The correlation coefficient is meaningful for bivariate quantitative data. That is, when the data consists of two numerical values. For example, height and shoe size or temperature and humidity are bivariate quantitative data.

The correlation coefficient shows whether or not the data have a linear relationship.

Calculating this number by hand is certainly possible, but it does take a significant amount of time, especially as the number of data points increases.

To calculate $r$ for bivariate data with independent variable $x$ and dependent variable $y$:

  1. Calculate the mean of all the $x$ values, $\bar{x}$.
    If there are $n$ data points, the mean is $\bar{x}=\frac{\sum\limits_{k=1}^n x_k}{n}$. That is, the sum of all the $x$ terms divided by the total number of terms.
  2. Calculate the mean of all the $y$ values, $\bar{y}$.
    If there are $n$ data points, the mean is $\bar{y}=\frac{\sum\limits_{k=1}^n y_k}{n}$. That is, the sum of all the $y$ terms divided by the total number of terms.
  3. Calculate the standard deviation of all the $x$ terms, $s_x$.
    The standard deviation is $s_x$=$\sqrt{\frac{\sum\limits_{k=1}^n (x_k-\bar{x})^2}{n-1}}$. This is a complicated looking formula, but it simply finds how much the typical data point deviates from the mean.
  4. Calculate the standard deviation of all the $y$ terms, $s_y$.
    The standard deviation is $s_y$=$\sqrt{\frac{\sum\limits_{k=1}^n (y_k-\bar{y})^2}{n-1}}$. Again, this is a complicated looking formula, but remember it just finds how much the typical data point deviates from the mean.
  5. Calculate the $z$-score for the $x$ terms. The $z$-score (also known as the standard value) is equal to $\frac{x-\bar{x}}{s_x}$. This number makes data from different samples easy to compare.
  6. Similarly, calculate the $z$-score for the $y$ terms. This is equal to $\frac{y-\bar{y}}{s_y}$.
  7. Finally, calculate the correlation coefficient $r$ as the sum of the products of corresponding $z$-scores divided by $n-1$. That is, multiply the $z$-score of each $x$ value by the $z$-score of the corresponding $y$ value. Then, add together those products and divide by $1$ less than the total number of terms.
    Put another way, $r=$\frac{\sum\limits_{k=1}^n z_{x_k}z_{y_k}}{n-1}$.

Linear Regressions

Correlation coefficients are related to linear regressions. These are sometimes called “lines of best fit.” That is, they are a line that best approximates the data.

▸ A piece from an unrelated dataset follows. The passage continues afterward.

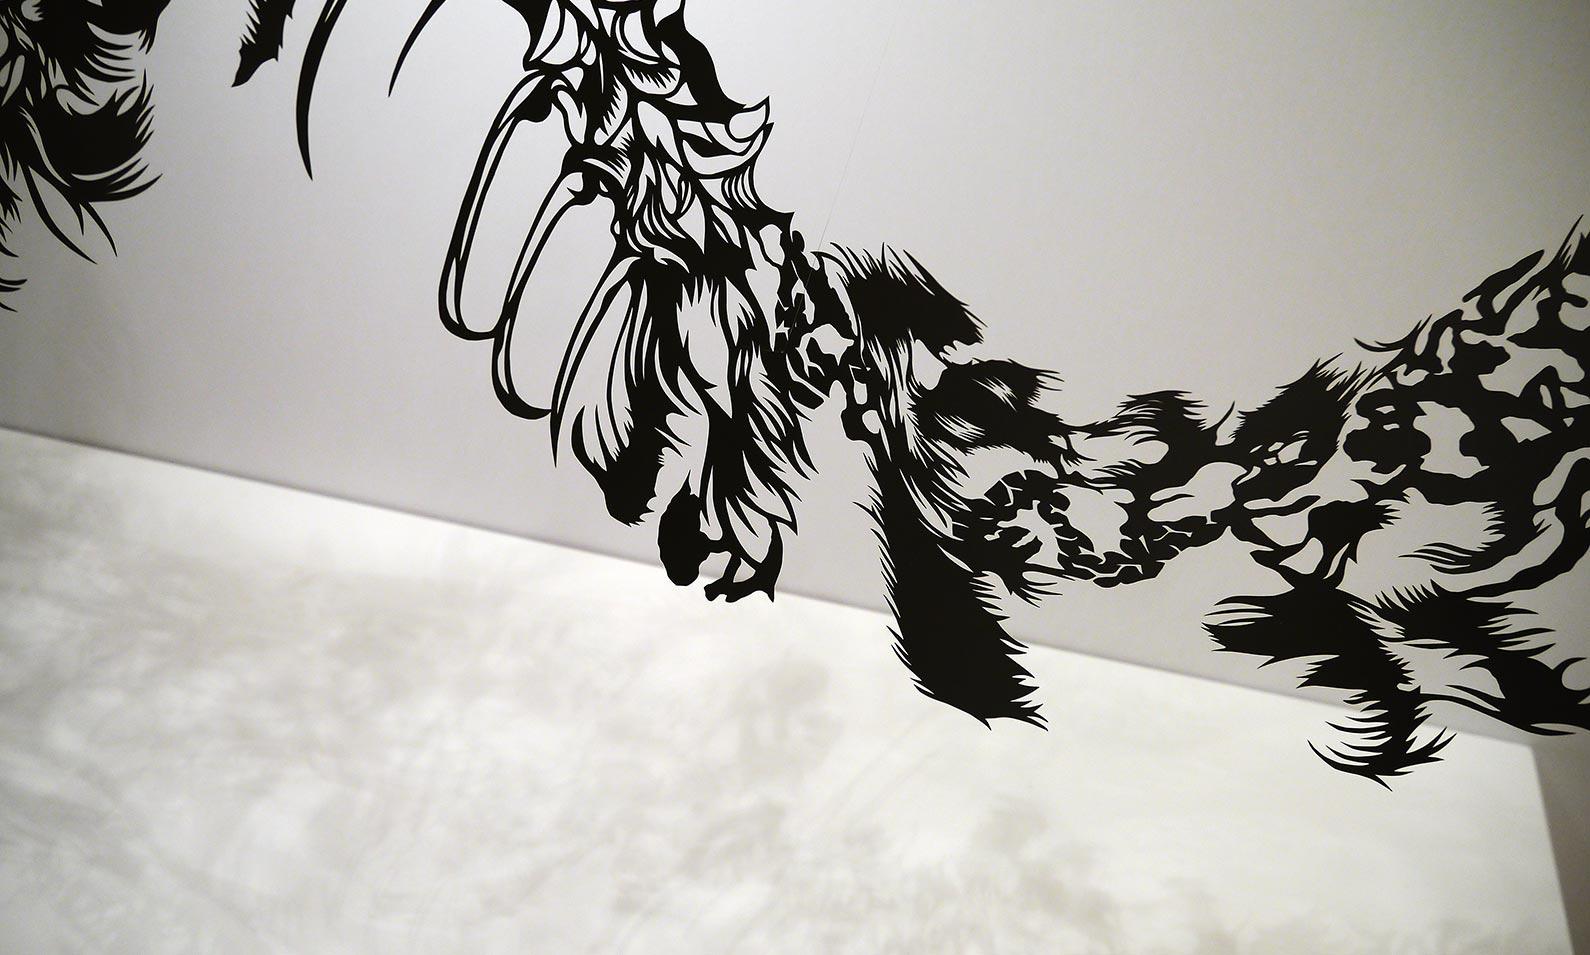 Saatchi Papercut - Nahoko Kojima - Cloud Leopard Sculpture

The correlation coefficient shows how well the regression line fits the data. A larger absolute value of the correlation coefficient indicates a better fit.

In fact, the correlation coefficient for data that perfectly fits the line of best fit will be $1$ or $-1$ (depending whether the line has a positive or negative slope). A large sample of truly random data, on the other hand, will have a value very close to $0$.

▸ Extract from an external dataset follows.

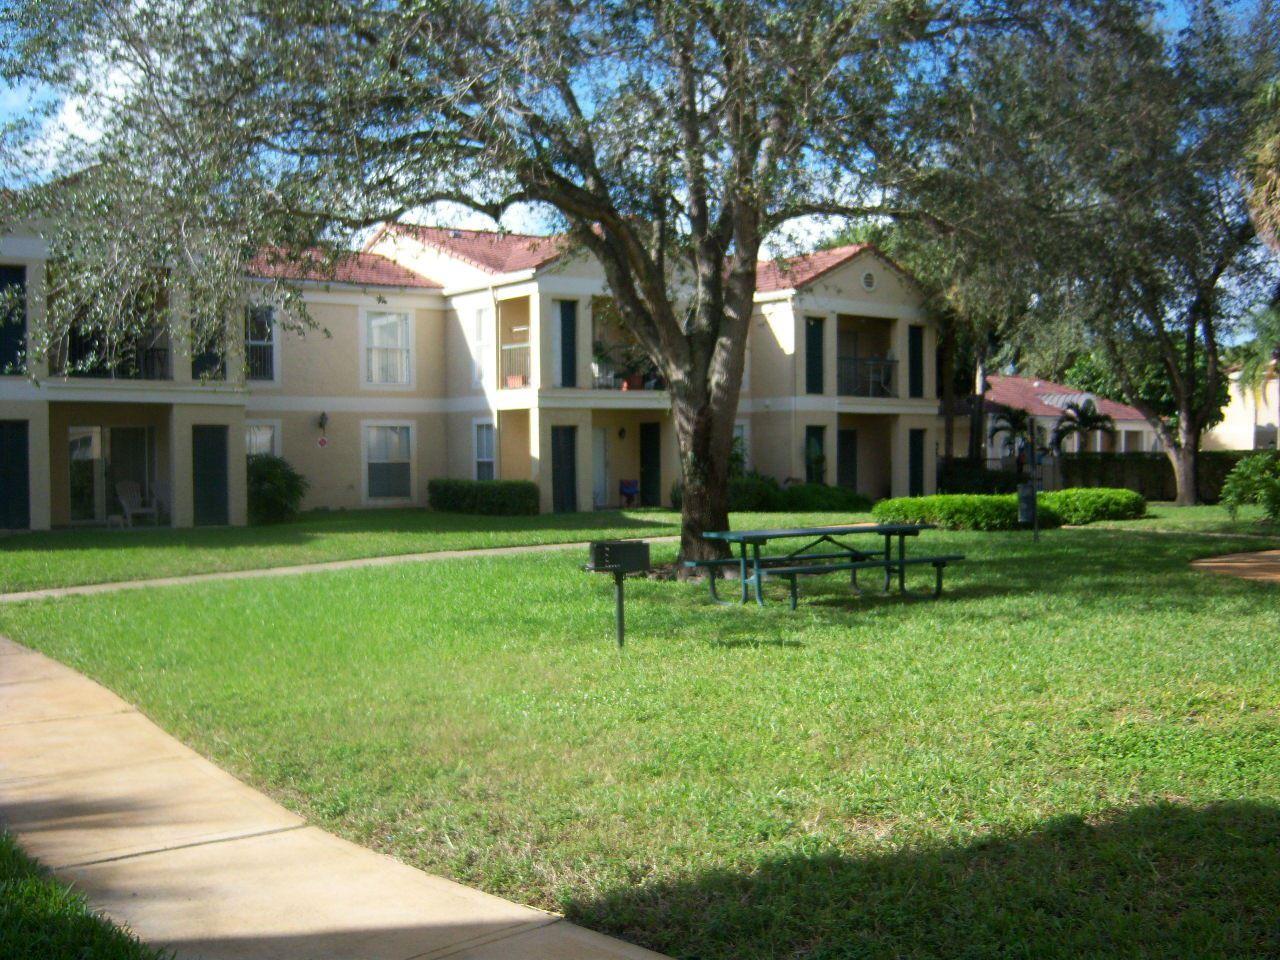 Photo of 805 Riverside Drive #1123, Coral Springs, FL 33071 (MLS # RX-10683369)

History of Correlation Coefficient

Examples

This section covers common problems using properties of equality and their step-by-step solutions.

Example 1

Use the 7-step method above to prove that the set of data shown (for which every point falls on the positive linear regression line) has a correlation coefficient of $1$.

Solution

The points shown all fall on the line. It is required to show that the correlation coefficient, $r$, for this data set is $1$.

First, determine the $x$ and $y$ values for each point. Notice that since the points fall on the line, the $y$ value is easy to calculate given the $x$ value.

Thus, the actual first step in this case requires finding the equation for the line. It passes through the point $(0, 1)$, which is the $y$ intercept. It also passes through the point $(6, 6)$.

Therefore, the slope is $\frac{y_1-y_2}{x_1-x_2}$. In this case, $m= \frac{6-0}{6-1} = \frac{5}{6}$.

Then the equation of the line in slope-intercept form is $y=mx+b$, which is $y=\frac{5}{6}x+1$.

The given $x$ points are $(0, 1), (3, 3.5), (6, 6), (7, \frac{41}{6}),$ and $(10, \frac{56}{6})$.

Therefore, the mean of the $x$-values is $\frac{ 0+3+6+7+10 }{5} = \frac{26}{5}$.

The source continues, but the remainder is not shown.